Parasitic capacitance also matters at high frequencies. Conductors near each other form unintended capacitors. A wire over a ground plane has capacitance to ground.
Real Capacitor Model
A real capacitor isn't just a capacitance—it has:
- ESR (Equivalent Series Resistance): Energy lost as heat during charging/discharging
- ESL (Equivalent Series Inductance): Inductance of leads and internal structure
- Leakage resistance: Imperfect insulation allows tiny DC current
Diagram: Real vs Ideal Capacitor
Real Capacitor Model MicroSim
Type: microsim Purpose: Show how ESR and ESL affect capacitor behavior at different frequencies Bloom Level: Analyze (L4) Bloom Verb: compare Learning Objective: Students will compare ideal and real capacitor behavior, identifying the frequency ranges where parasitic elements dominate. Canvas layout: - Left (300px): Ideal vs real equivalent circuit - Right (300px): Impedance vs frequency plot Visual elements: - Ideal capacitor: single C symbol - Real capacitor: C with series ESR and ESL - Bode-style impedance magnitude plot - Frequency markers for different regions Interactive controls: - Slider: Capacitance value - Slider: ESR value (1mΩ to 1Ω) - Slider: ESL value (1nH to 100nH) - Display: Self-resonant frequency - Display: Impedance at selected frequency Default parameters: - C = 10µF - ESR = 50mΩ - ESL = 10nH Behavior: - Impedance plot shows V-shape (capacitive, minimum at SRF, then inductive) - Self-resonant frequency calculated: f = 1/(2π√(LC)) - ESR sets minimum impedance at resonance - Above SRF, capacitor acts like inductor! Implementation: p5.js with frequency response plottingReal Inductor Model
Real inductors have:
- DCR (DC Resistance): Resistance of the wire
- Parallel capacitance: Between windings
- Core losses: Energy lost in magnetic core material
At the self-resonant frequency, the parasitic capacitance resonates with the inductance, and the inductor stops acting like an inductor!
Component Selection
When choosing components:
- For low frequencies: Almost any component works
- For high frequencies: Check the self-resonant frequency (SRF)
- For power applications: Check ESR (affects efficiency and heating)
- For precision: Check tolerance and temperature coefficient
Signal Fundamentals: The Language of Waveforms
Now we shift to describing signals—voltages and currents that change over time. Understanding these parameters is essential for audio and AC circuit work.
Amplitude
The amplitude of a signal is its maximum excursion from zero (or from its average value). For a sinusoid:
Amplitude Definition
\(v(t) = A \sin(\omega t + \phi)\)
where:
- \(A\) is the amplitude (peak value)
- \(\omega\) is angular frequency
- \(\phi\) is phase angle
- \(t\) is time
Period and Frequency
For a periodic signal that repeats:
Period
\(T\) = time for one complete cycle (seconds)
Frequency
\(f = \frac{1}{T}\)
where:
- \(f\) is frequency in hertz (Hz)
- \(T\) is period in seconds (s)
Frequency tells you how many complete cycles occur per second. A 1 kHz signal completes 1000 cycles every second.
Angular Frequency
\(\omega = 2\pi f = \frac{2\pi}{T}\)
where:
- \(\omega\) is angular frequency in radians per second (rad/s)

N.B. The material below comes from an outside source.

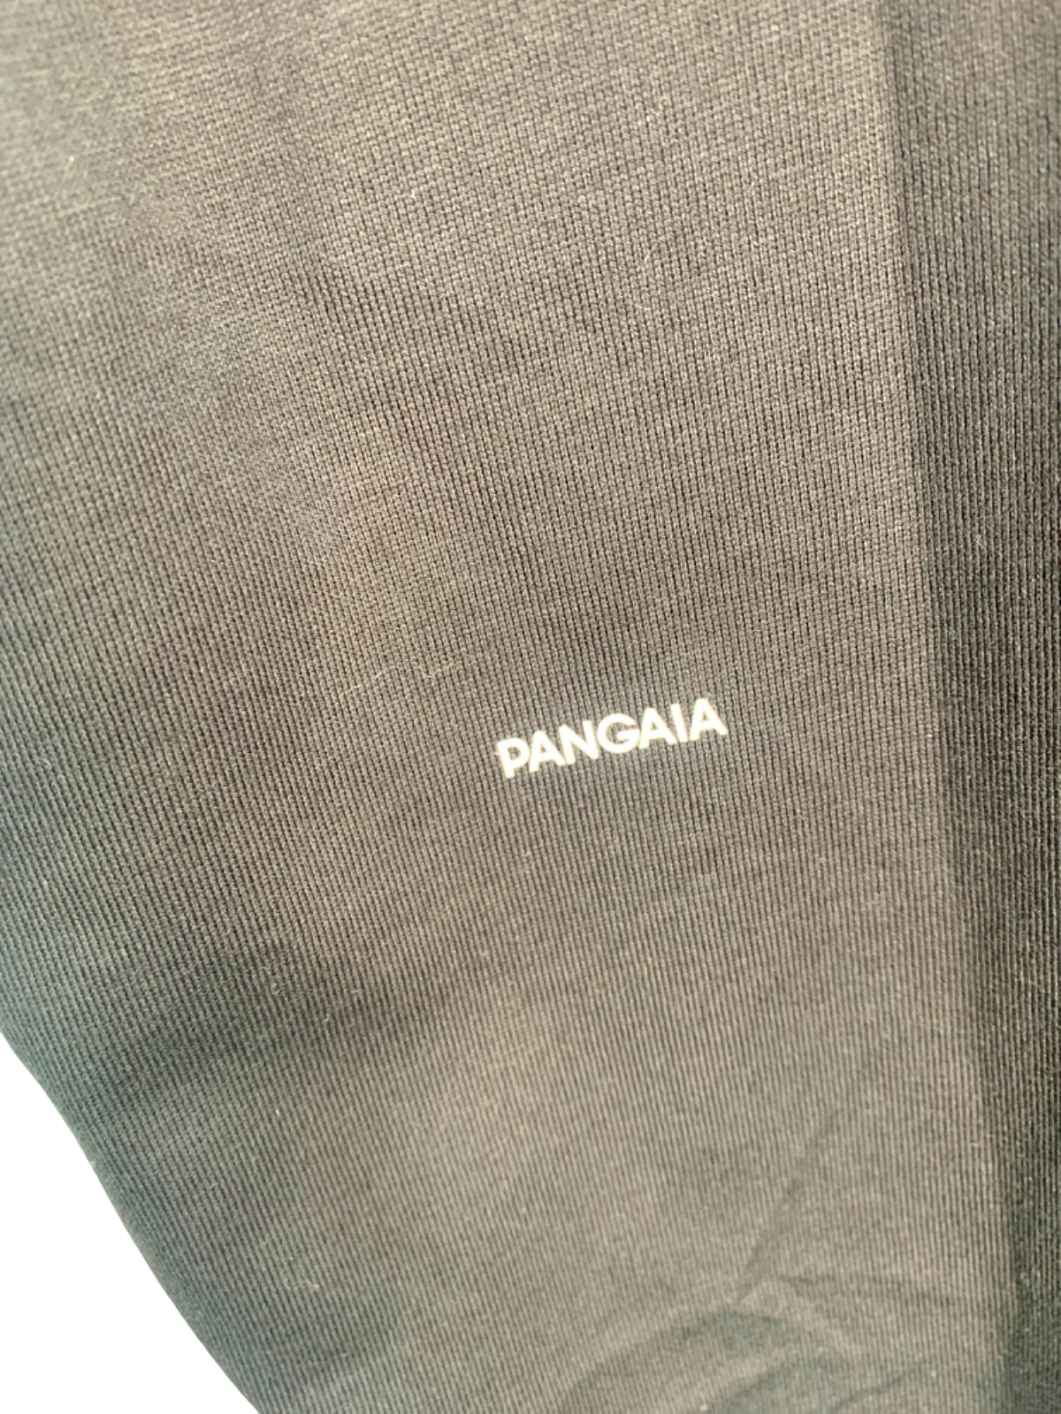 Pangaia Black Seaweed Fiber Cropped Shoulder T-Shirt M
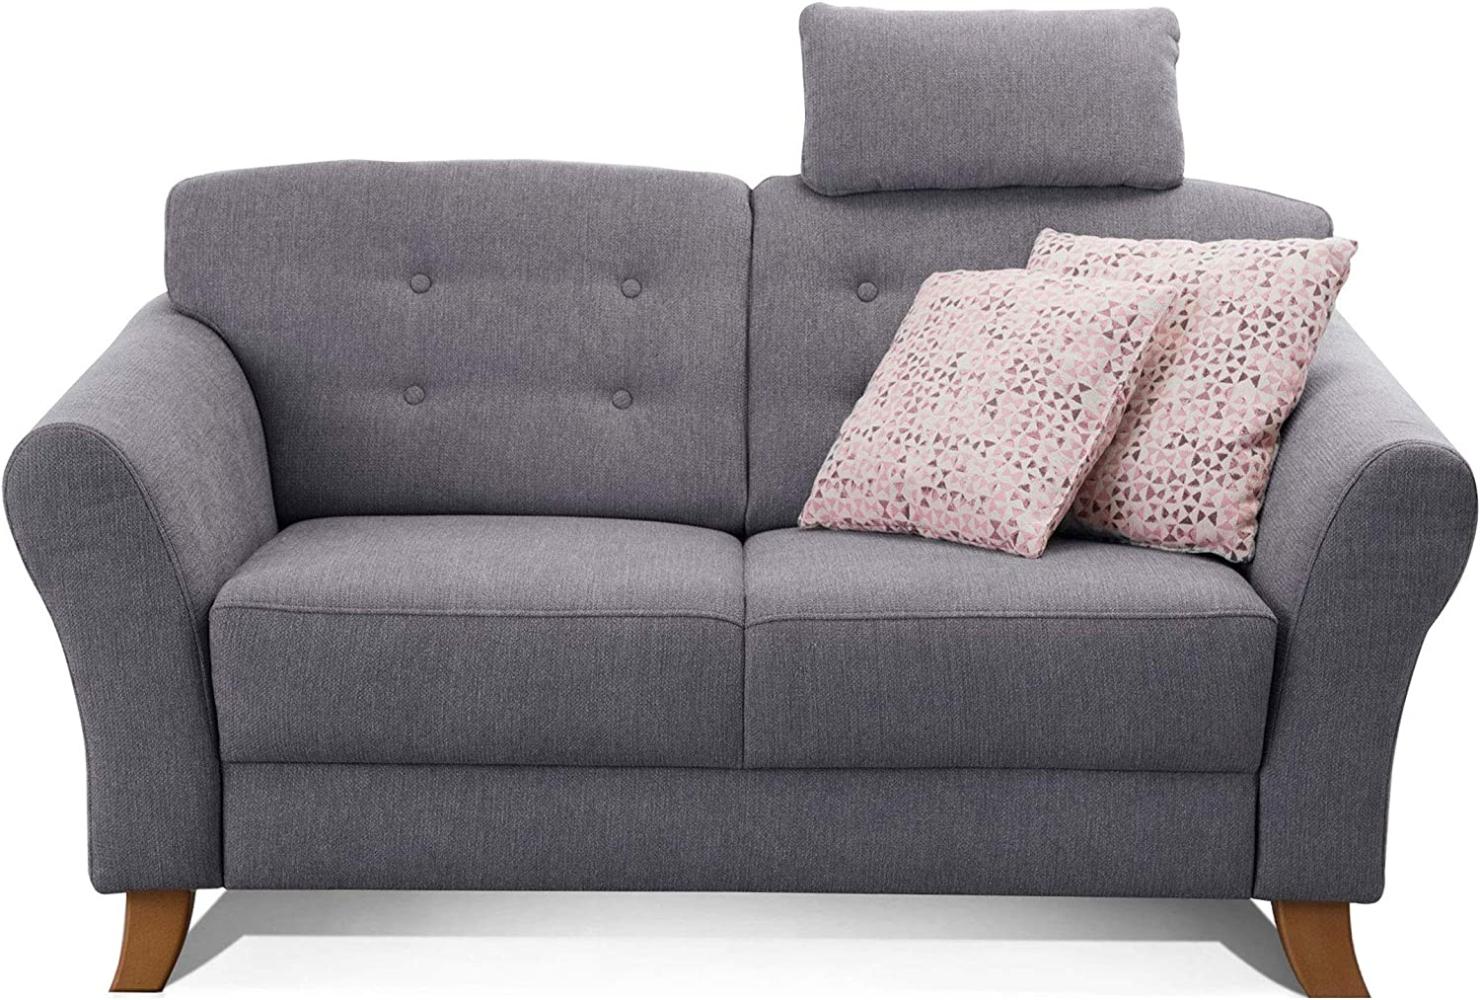 Cavadore 2-Sitzer-Sofa / Moderne Couch im Landhausstil mit Knopfeinzug im Rücken / Federkern / Inkl. Kopfstütze / 163 x 89 x 90 / Flachgewebe grau Bild 1

- \(f\) is frequency in hertz (Hz)
- \(T\) is period in seconds (s)
Angular frequency (\(\omega\)) is convenient for mathematics because it relates directly to the argument of sine and cosine functions.
| Parameter | Symbol | Unit | Relationship |
|---|---|---|---|
| Period | \(T\) | seconds (s) | - |
| Frequency | \(f\) | hertz (Hz) | \(f = 1/T\) |
| Angular frequency | \(\omega\) | rad/s | \(\omega = 2\pi f\) |
Phase Angle and Phase Shift
The phase angle (\(\phi\)) tells you where in its cycle a signal starts at \(t = 0\).
Phase Relationship
\(v(t) = A \sin(\omega t + \phi)\)
where:
- \(\phi\) is phase angle in radians (or degrees)
- Positive \(\phi\) means the signal is "ahead" (shifted left in time)
- Negative \(\phi\) means the signal is "behind" (shifted right in time)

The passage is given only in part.